Tuesday, January 21, 2014

1793 Philadelphia Yellow Fever Epidemic

My sister-in-law's 3rd cousin six times removed was St. George Tucker (1752-1827). He married Frances (Bland) Randolph, the widow of John Randolph. One of Tucker's step-sons, John Randolph of Roanoke, and his friend and distant relative, Joseph Bryan, were living together in Philadelphia in 1793 where they studied law under Edmund Randolph. St. George Tucker felt it was important for his children and step-children to have careers in either law or medicine as he did not believe the great plantations of Virginia would be economically viable much longer.

John Randolph of Roanoke (1773-1833)
While John Randolph of Roanoke was in Philadelphia the first major yellow fever epidemic hit the city in July 1793, a hot and humid summer with more than the usual number of mosquitos. The disease tore through the city like wildfire, claiming the lives of one-sixth of the population. An estimated 20,000 people fled the city, including President George Washington, who left on September 10 on his previously scheduled vacation. Children often suffered a milder case of the fever while their parents died, leaving many orphans which the city was unprepared to handle.

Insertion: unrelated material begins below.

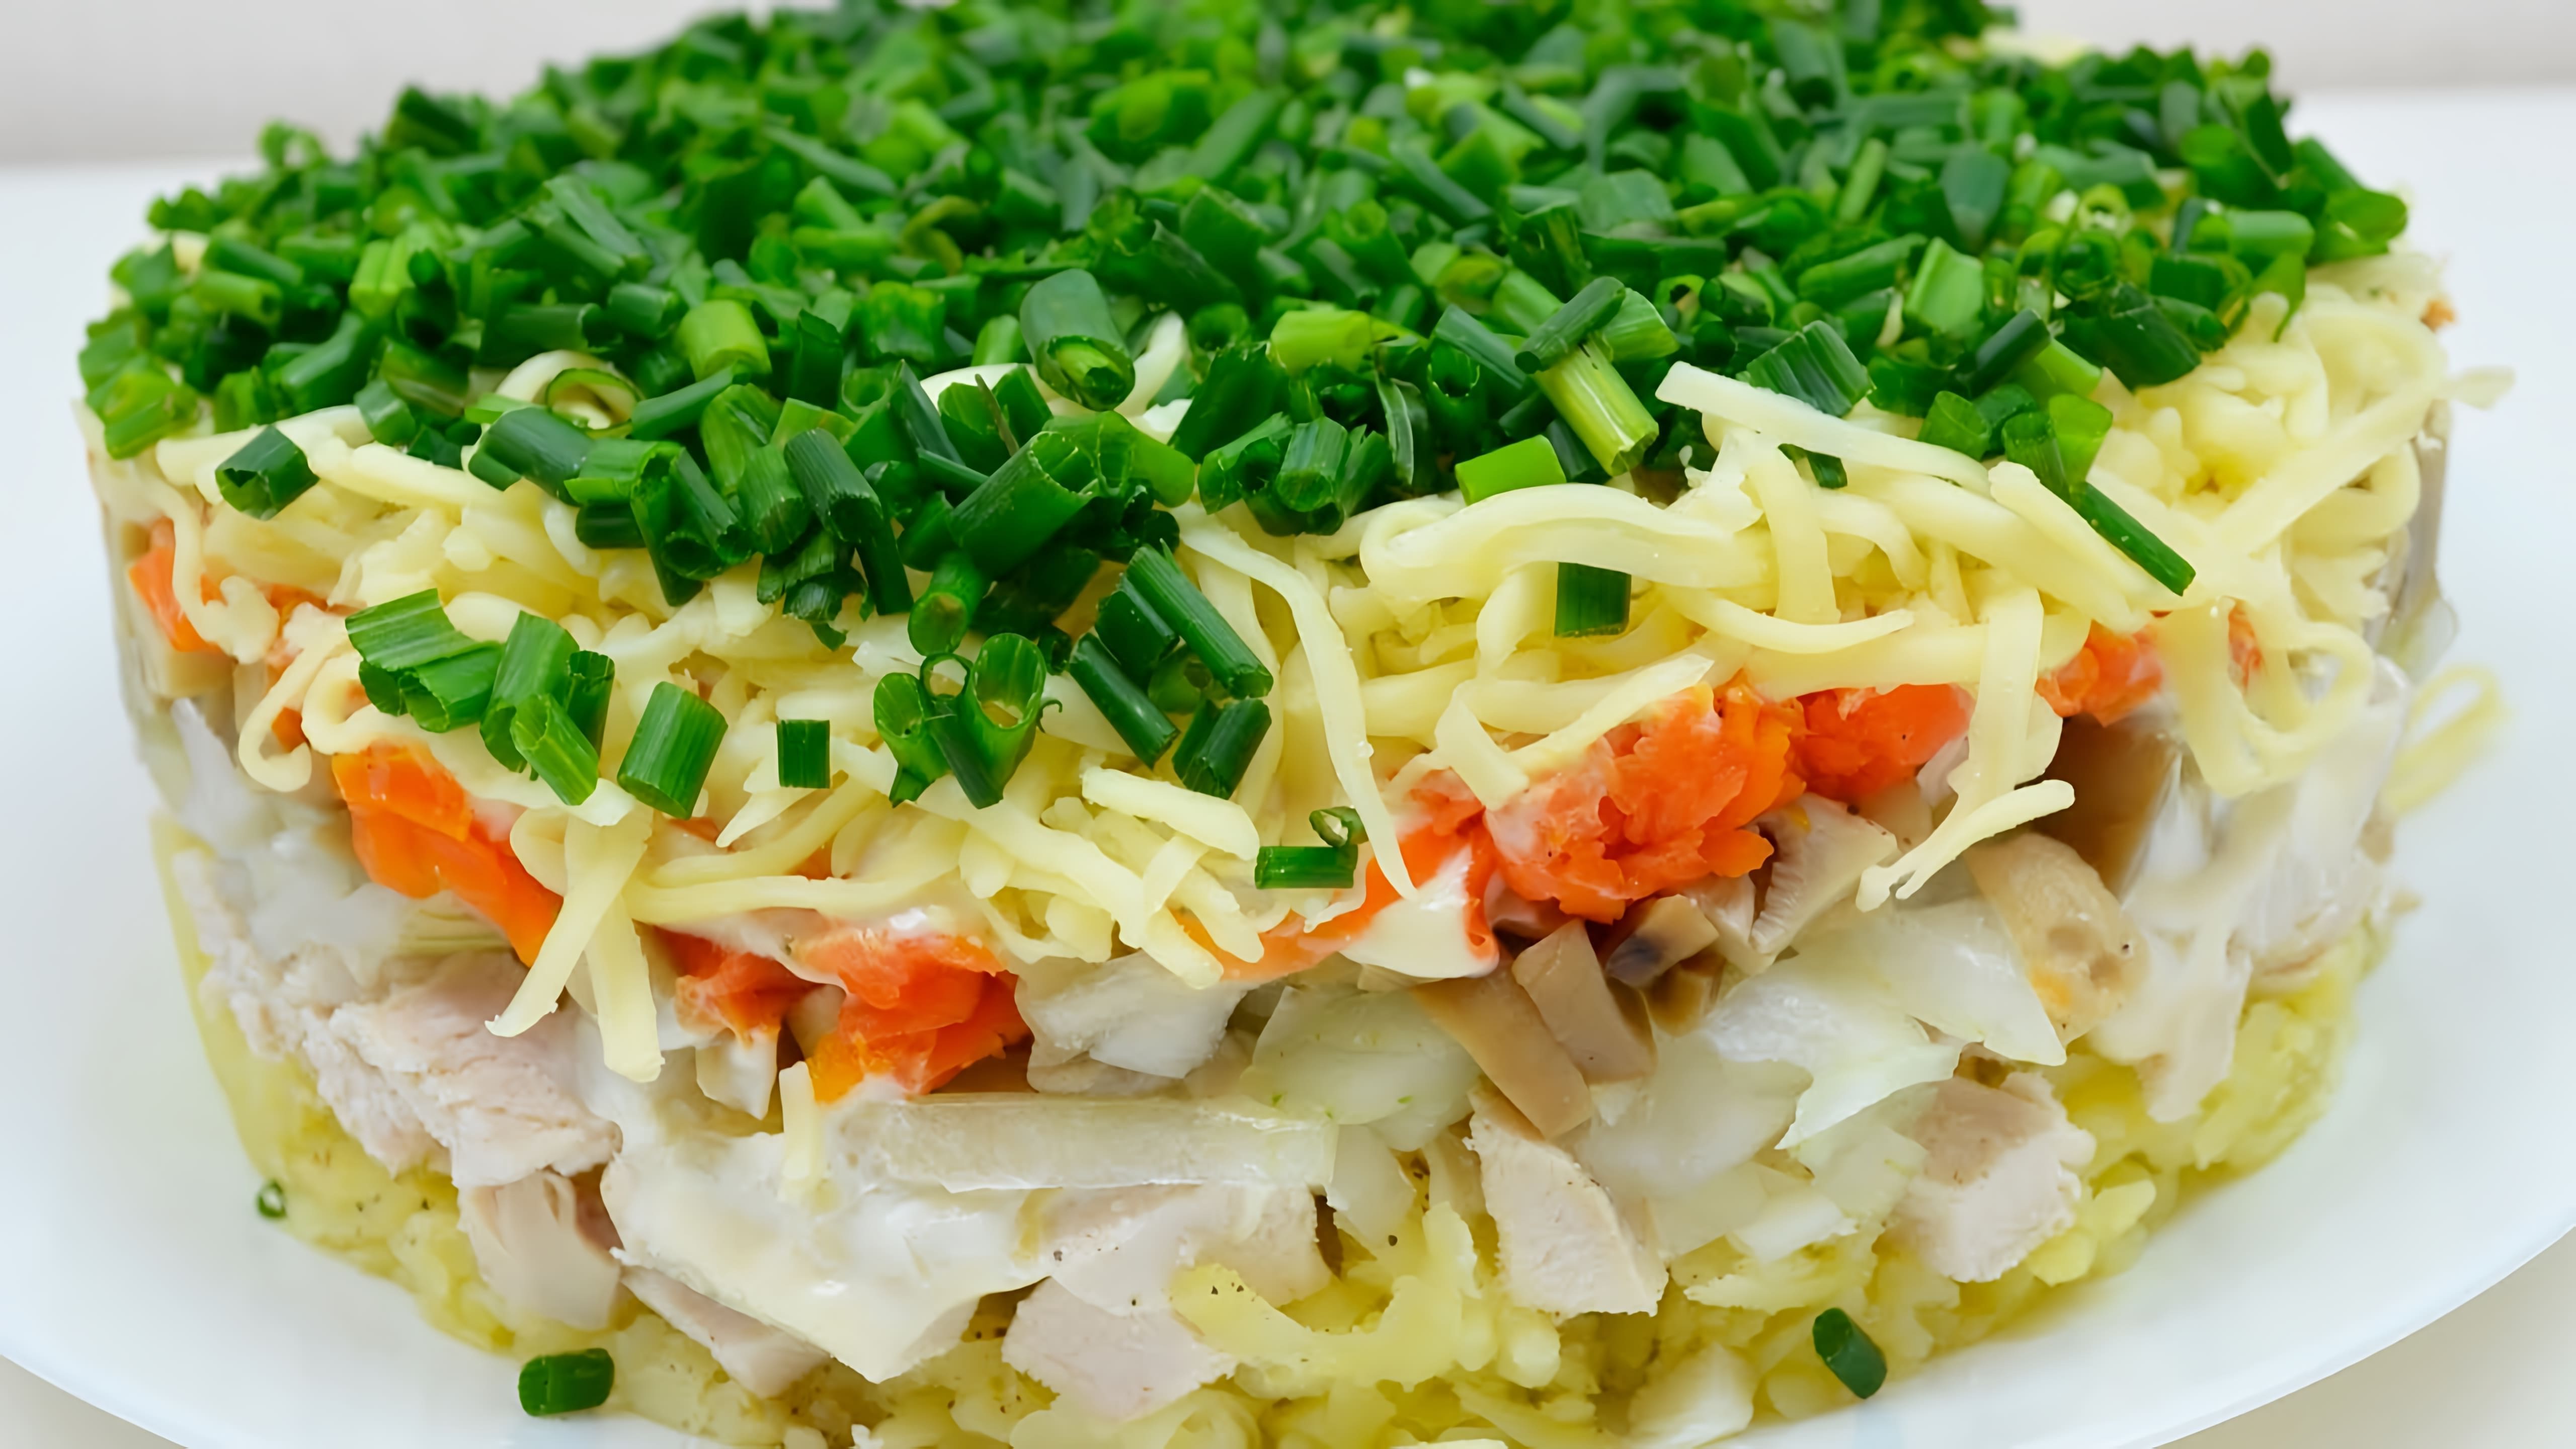 Салат "Русская красавица" - это очень вкусный и нежный салат, который можно приготовить по пошаговому рецепту

Arch Street Wharf and Ferry, Philadelphia, Pennsylvania
The first cluster of cases appeared at the Arch Street wharf, leading many, including Dr. Benjamin Rush[1], to conclude yellow fever was caused by unsanitary conditions around the docks, open sewers, and rotting vegetables. He also recognized weather played a part in the epidemic. The stagnant water, where mosquitos bred, froze over in mid- to late October, and greatly decreased incidence of the disease. Dr. Rush treated his yellow fever patients by blood leeching and purging, using a mercury compound. Later, he wrote an account of the 1793 epidemic, and described the symptoms and course of the disease. He also posited his thoughts on cures and causes.

An Account of Bilious remitting Yellow Fever as It Appeared in the City of Philadelphia in the Year 1793 by Dr. Benjamin Rush.

Philadelphia mayor, Matthew Clarkson, organized the city's response and established a committee to deal with the chaotic situation. They reorganized the fever hospitals, arranged to visit the sick, fed those unable to care for themselves, arranged wagons to carry the sick to hospitals and the dead to Potter's field, and they identified shelters for orphans. Aggressive attempts were made to improve the city's sanitary condition. In 1799, Benjamin Latrobe was hired to design and construct the first water system in the United States. Ironically, Latrobe died of yellow fever in 1820 while constructing a waterworks for New Orleans.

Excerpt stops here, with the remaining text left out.